Читаем Хрустальная сосна полностью

— Конфеты есть с коньяком, сама же принесла, — сказал я, смягчаясь. — Тебе достаточно. И минералкой запьешь.

— Слушаюсь, — ответила она и глаза ее блеснули, отразив перебегающий огонь гирлянды.

На телеэкране несмешно острили дежурные юмористы.

— Они тебе нравятся? — спросил я, чтобы что-то говорить.

— Терпеть не могу этих жирных пидарастов.

— Так давай что-нибудь другое посмотрим… — я постарался не заметить ее сленг. — «Титаник» хочешь? Я недавно хороший диск купил.

— Не-а, не хочу. Фильм хороший, музыка классная. Но Ди Каприо, этот поросячий ососок, — Женя опять кого-то процитировала. — Меня раздражает. Хотя мама от него тащится.

Я хотел было сказать, что нехорошо применять слово «тащится» к своей матери, но не стал, чувствуя бесполезность воспитательных мер.

— Я лучше хочу послушать, как вы поете и играете, — добавила она.

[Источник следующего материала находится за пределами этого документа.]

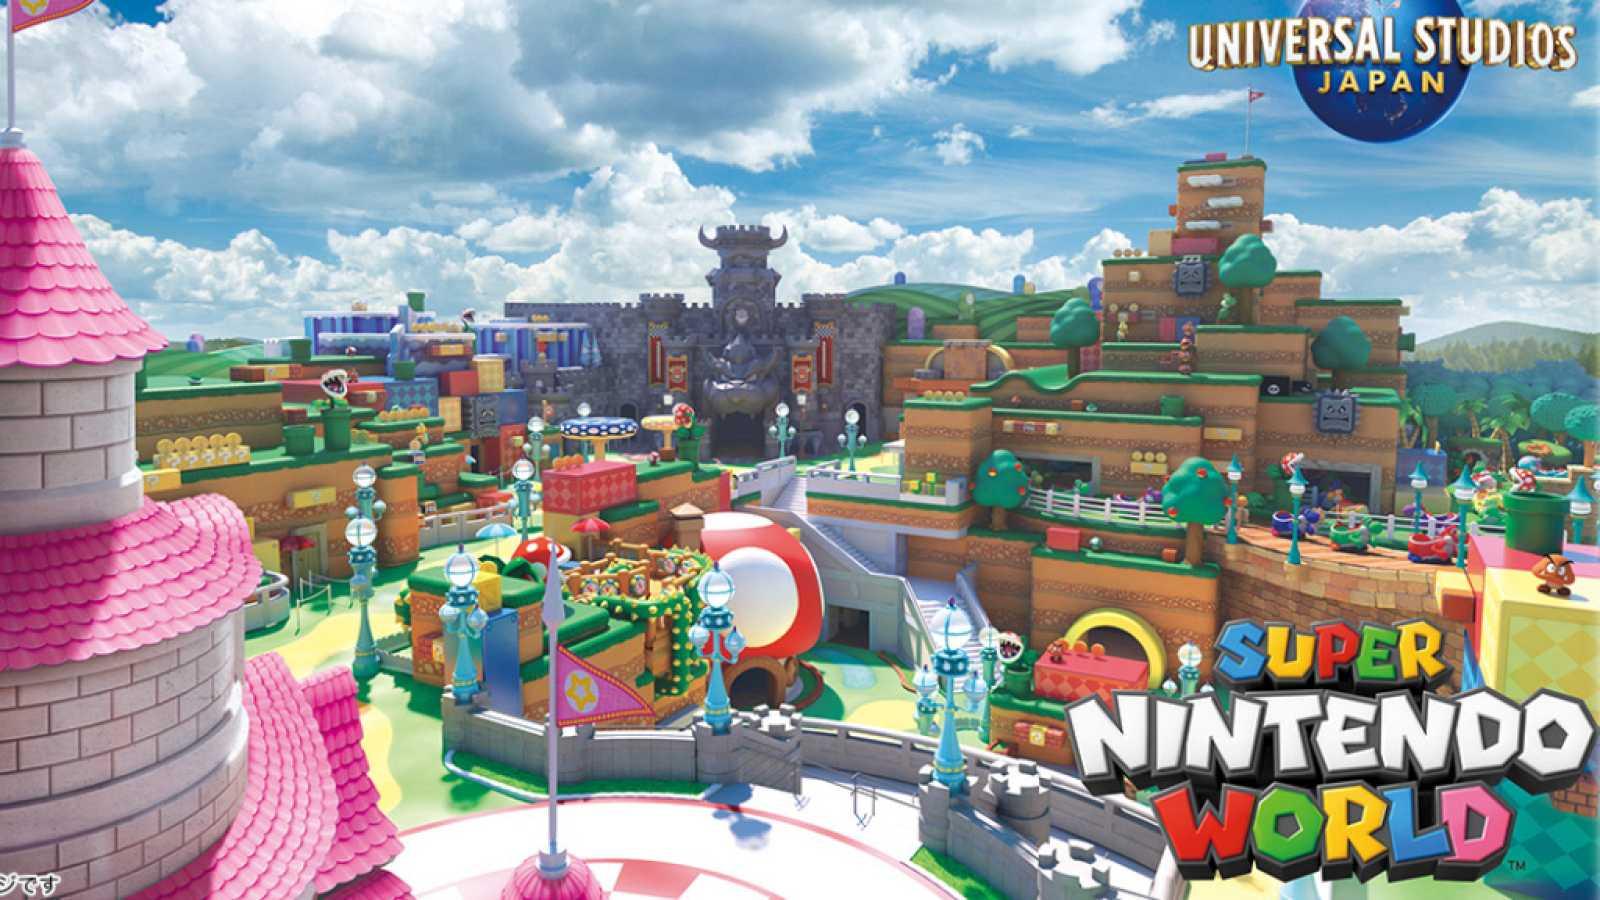 Super Nintendo World abrirá sus puertas en primavera de 2021

— Я? Играю? — я невесело усмехнулся, помахав в полумраке правой рукой. — Милая девочка, я давно уже ничего не играю, поскольку играть мне нечем. И не на чем. Гитару выбросил уже не помню сколько лет назад. И вообще все это было давно и неправда…

— Да нет же… Мама говорила, у вас есть кассета с вашими прежними песнями.

«Мама говорила»… — внезапно отметил я. — Выходит, Катя, хотя внешне казалось иначе, тоже ничего не забыла?! Глупости. Не может того быть и не надо.

— Женя, эти песни давно уже не имеют ко мне никакого отношения, — спокойно сказал я. — Это давно прошедшее время. Плюсквамперфект, как говорят немцы. Прошедшее и умершее. Навсегда.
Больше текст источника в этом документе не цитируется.